Data to use ::

● ● ●

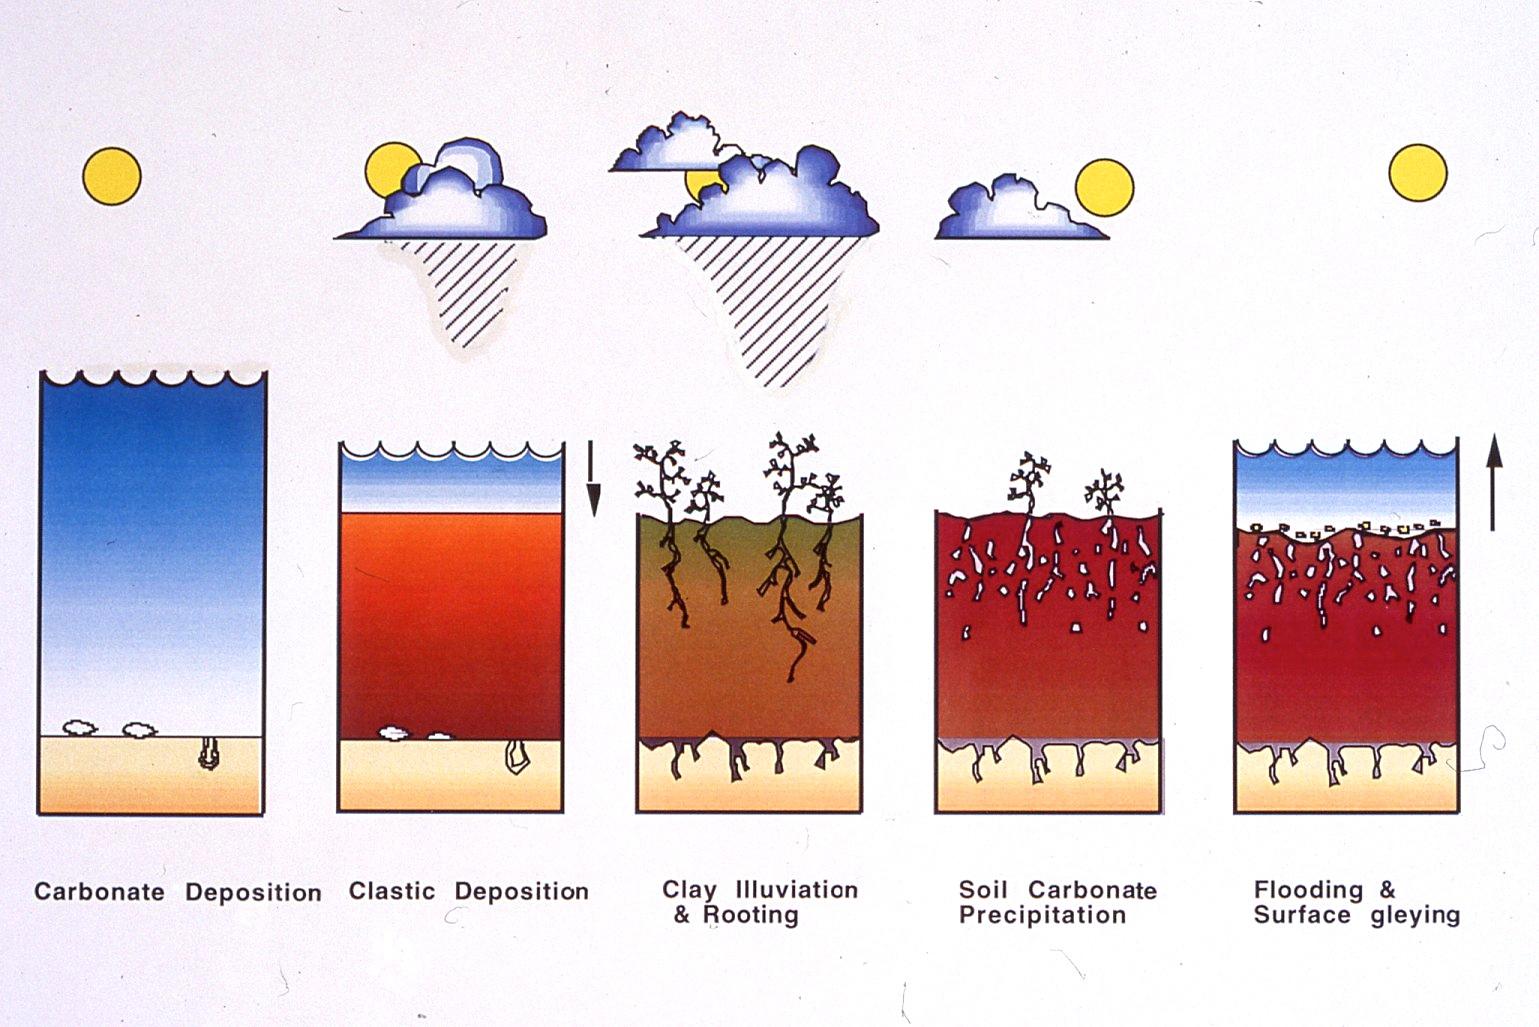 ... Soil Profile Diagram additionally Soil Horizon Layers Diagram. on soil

● ● ●

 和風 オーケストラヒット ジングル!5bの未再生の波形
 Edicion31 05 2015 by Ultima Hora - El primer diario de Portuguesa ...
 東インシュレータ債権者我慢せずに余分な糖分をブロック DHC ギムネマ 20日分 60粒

● ● ●

Required action :: Above are the records. Print exactly, and only, the lines from the line with "和風 オーケストラヒット ジングル!5bの未再生の波形" to the line with "東インシュレータ債権者我慢せずに余分な糖分をブロック DHC ギムネマ 20日分 60粒", both inclusive.

Answer to the problem ::
 和風 オーケストラヒット ジングル!5bの未再生の波形
 Edicion31 05 2015 by Ultima Hora - El primer diario de Portuguesa ...
 東インシュレータ債権者我慢せずに余分な糖分をブロック DHC ギムネマ 20日分 60粒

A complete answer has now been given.